Generally speaking, the market maker system appears in the new third board market with relatively low liquidity and few counterparties. The market maker system is generally friendly to companies with low liquidity, small scale and high risk. This system can generally play these roles in the trading process: improving market liquidity and enhancing its market appeal. After all, the stock is a stagnant pool. Without speculation, it will gradually become a zombie stock. Stabilize the market so that it will not fluctuate greatly. We can often find that a weak trading company is easy to rise and fall when it sells several orders or pays the bill, so the introduction of market maker system can avoid this problem. Restrain price manipulation and correct market imbalance. This kind of operation is mainly to prevent the market from suddenly buying or selling in large quantities at a certain moment, which leads to liquidity tension. To sum up, this is the market maker system in financial markets.
At present, China's securities and futures trading adopts the bidding trading system-investors transmit trading orders to the exchange through the network, and the exchange computer host matches the trading orders according to the principle of time priority and price priority to form a continuous trading price. According to the price formation mechanism in this trading mode, it can also be called an instruction-driven system. In the era when there was no computer abroad 100 years ago, it was through the traders in the trading pool that the purchase and sale orders were matched by open bidding. One obvious problem is that the efficiency of traders in processing orders is much lower than that of computers. In order to serve a large number of investors, OTC and market maker trading systems naturally came into being. Corresponding to the order-driven system, the market maker system is called the quotation-driven system. Market makers provide investors with bilateral quotations for betting transactions through the update of quotations, and guide the transaction price to change. Because this method is very similar to casino makers, some people are skeptical about the market maker system.

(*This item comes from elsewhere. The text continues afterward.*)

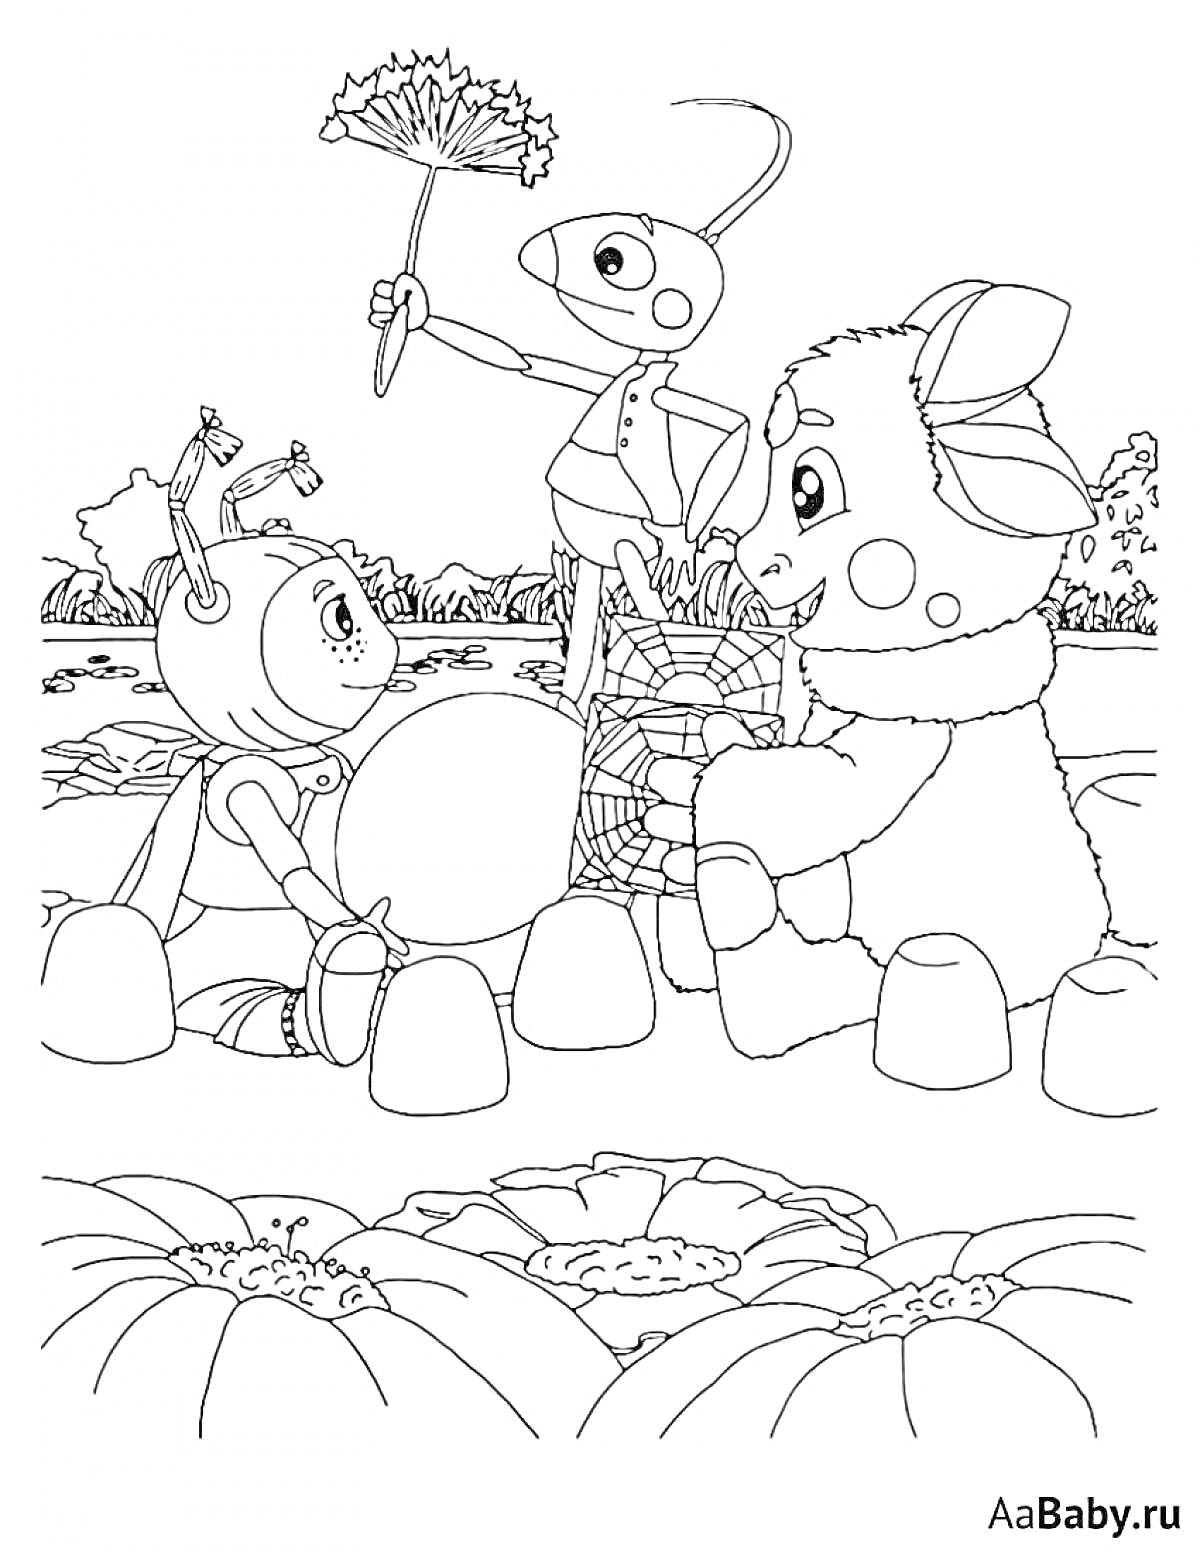 Раскраска Лунтик и его друзья сидят вокруг костра, Лунтик с книгой, персонаж с двумя антеннами держит большой камень, персонаж с антеннами в руках держит цветок

In financial theory, the market mechanism that implements the market maker system is called quotation-driven mechanism. Corresponding to this is the instruction-driven system, also known as the bidding trading system and the entrustment-driven system. It means that buyers and sellers send entrustment instructions to their respective brokers, and then the brokers send the instructions to the exchange. On the basis of summarizing all trading orders, the trading system of the exchange matches the transactions according to the principle of price priority and time priority, and completes the transactions. Under the order-driven system, the market price is driven by the buying and selling orders issued by investors and generated through bidding. The bidding matching method can be either the traditional public bidding method or the computer automatic matching method. The basic feature of the auction market is that the formation of securities trading prices is directly determined by buyers and sellers, and investors trade with other investors who are uncertain, rather than market makers. The flow of buying and selling orders is the fundamental driving force to promote market operation and price formation. At present, this trading system is adopted by two major domestic stock exchanges and three major futures exchanges.